Zaten halkın gönlüne taht kurduğu asıl dönem de bu dönemdir. Sonrasında yani 1986-1992 döneminde sağlık sorunlarının da baş göstermesi ile sesinin tonunda ve nefes aralığında önceki döneme göre biraz değişim fark edilse de onu herkesten ayıran yanık sesi geçmişten gelen sevginin de devam etmesi ile kariyerine zirvede devam etmiştir. Onun tam olarak arabesk diyebileceğimiz şarkıları da yine 1986-1992 aralığında çıkardığı albümlerde kendisine yer bulmuştur ki bu süreçte arabesk+fantazi tür beraber görülmektedir.
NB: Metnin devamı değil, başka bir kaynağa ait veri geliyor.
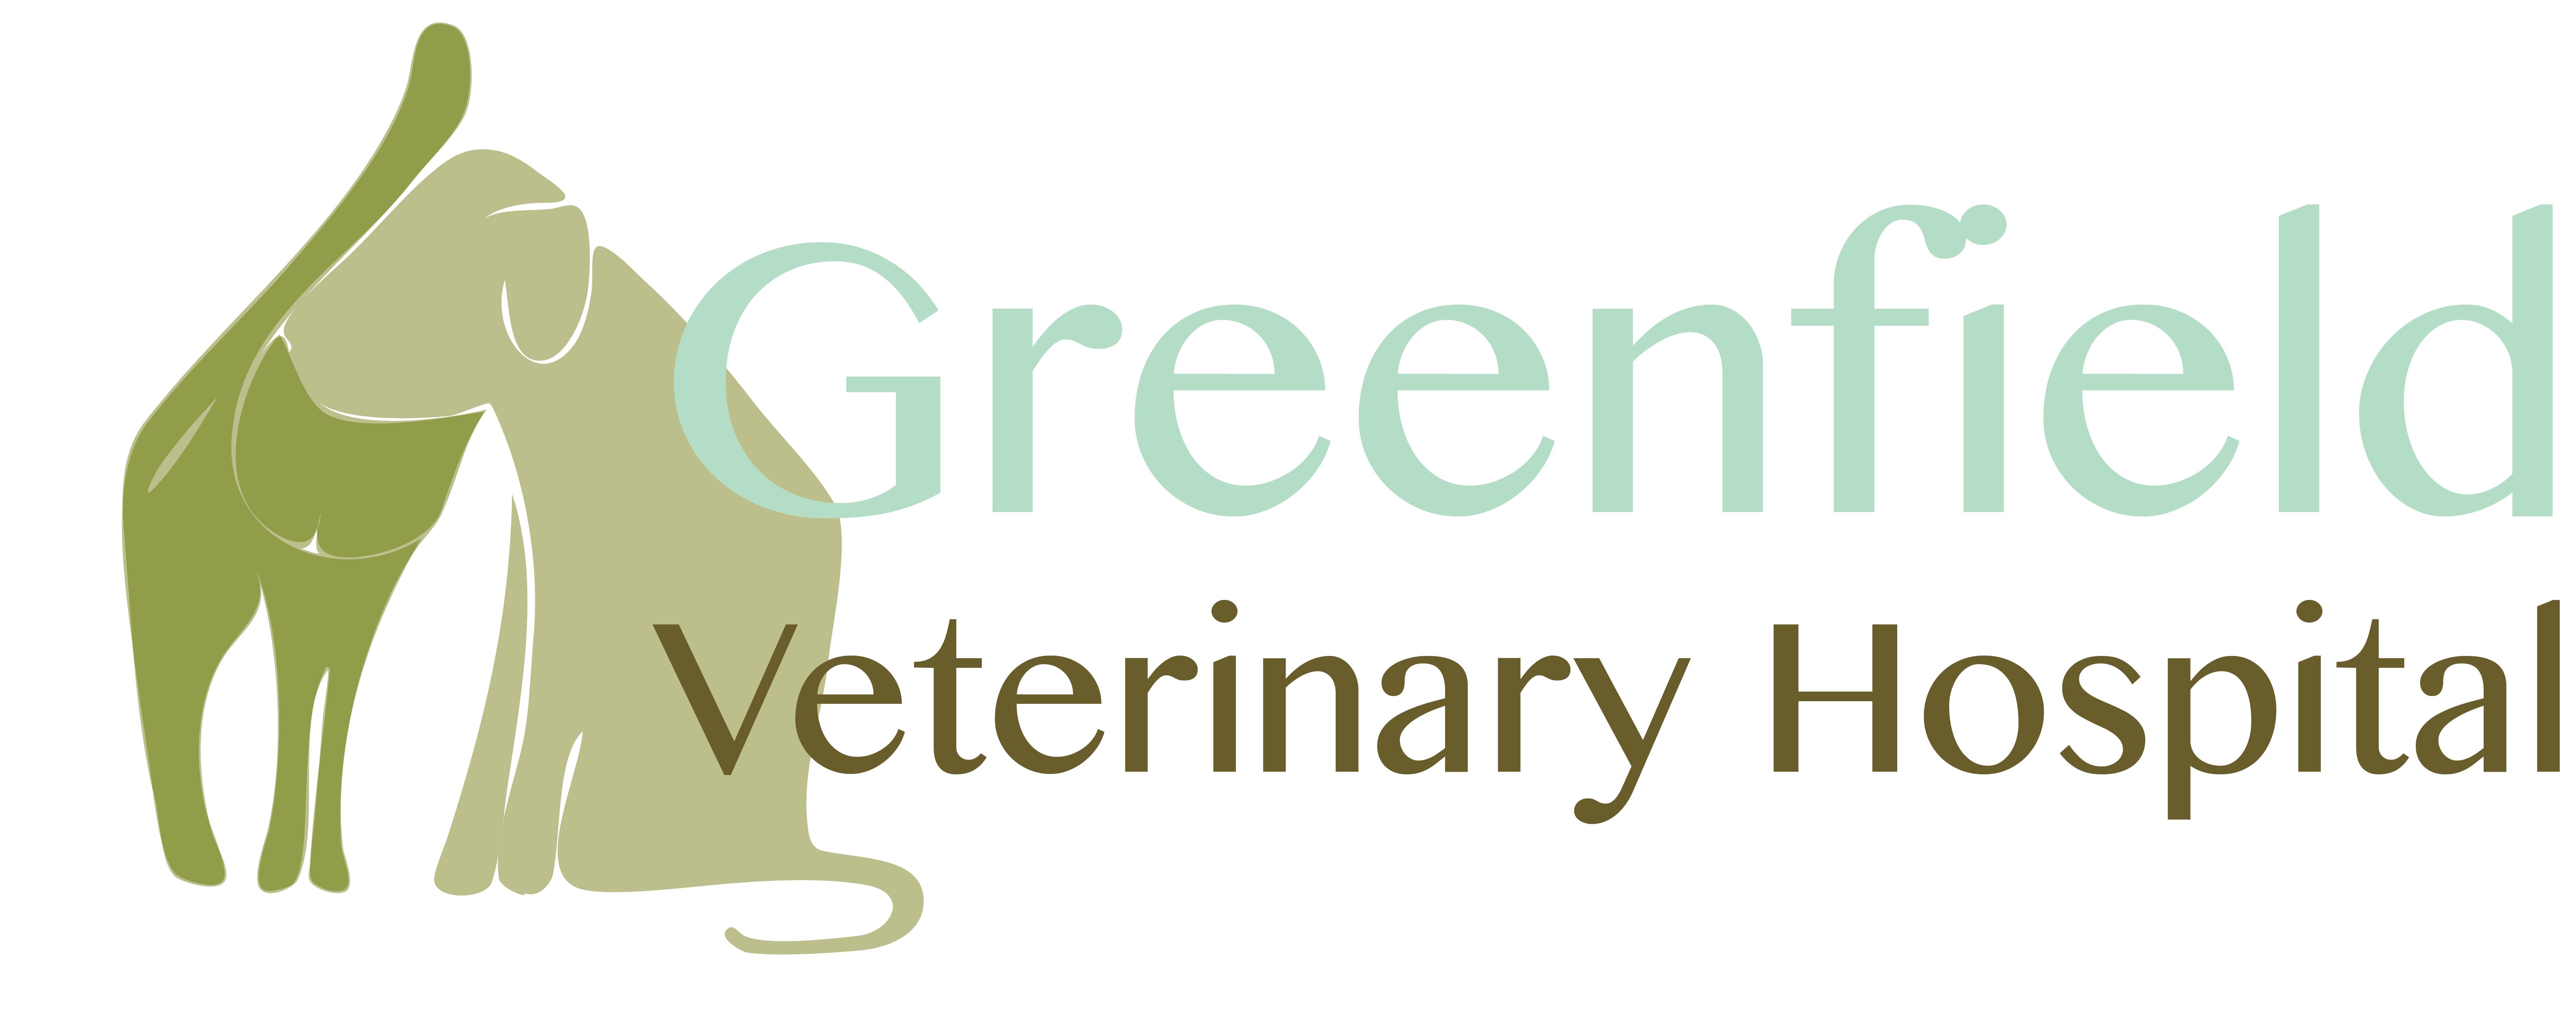 Greenfield Veterinary Hospital
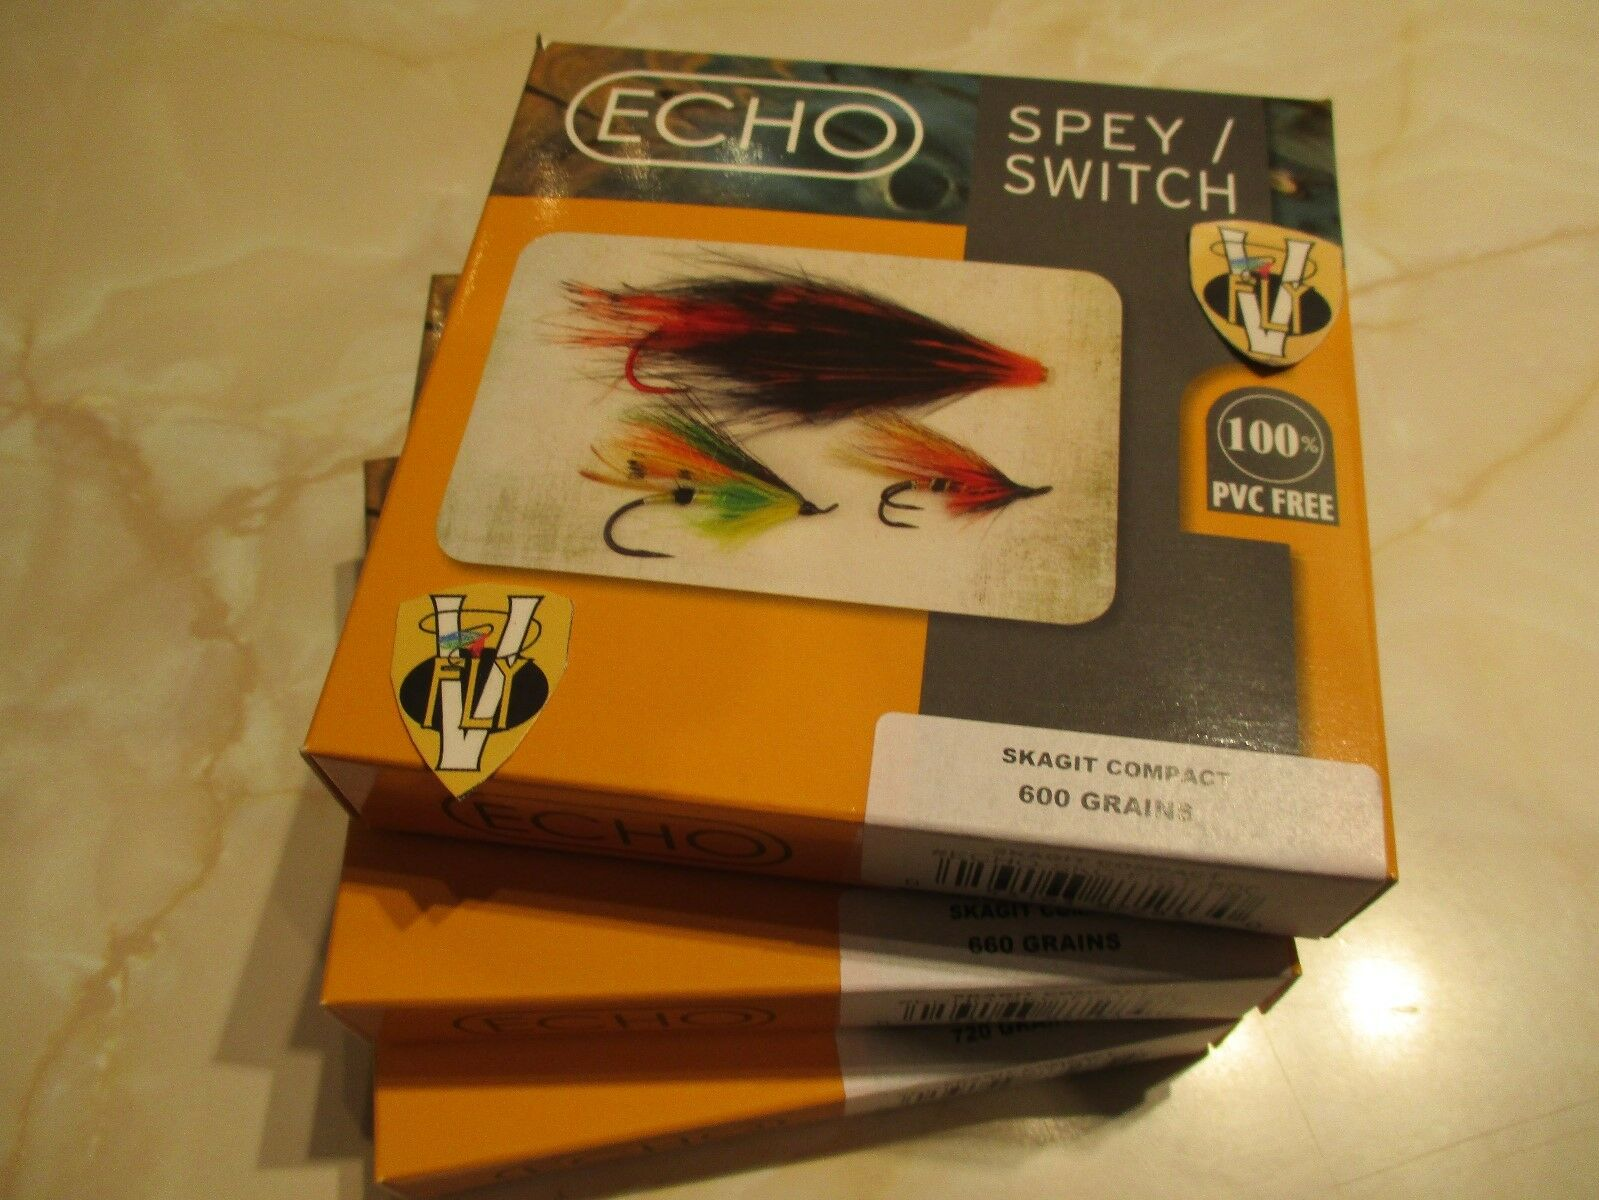 New Echo F I S T Skagit Compact Triple Density Spey Skagit Fly Lines

Devam eden süreçte gelişen teknoloji, popüler kültür ve değişen tarzlar ile müziği ve eserleri oluşmuş, buna ek olarak Türk sanat müziği eserlerini içeren bir albüm ile kariyerini sonlandırmıştır.

Ölümü sonrası Türkiye’nin kronikleşen şuncu buncu kıyaslamaları doğal olarak onun üzerinden de epeyce bir tartışma konusu olmuştur. Çünkü bugün dahi milyonlarca hayranı onun cenazesine büyük ilgi göstermiş ve onu asla yalnız bırakmamış, hiçbir sanatçıya nasip olmayan bir kalabalık ve sevgi seli ile onu son yolculuğuna uğurlamıştır. Tam da burada onun üzerinden siyasi rant elde etmek isteyenler fırsatı kendi lehine çevirmek için düğmeye basmıştır.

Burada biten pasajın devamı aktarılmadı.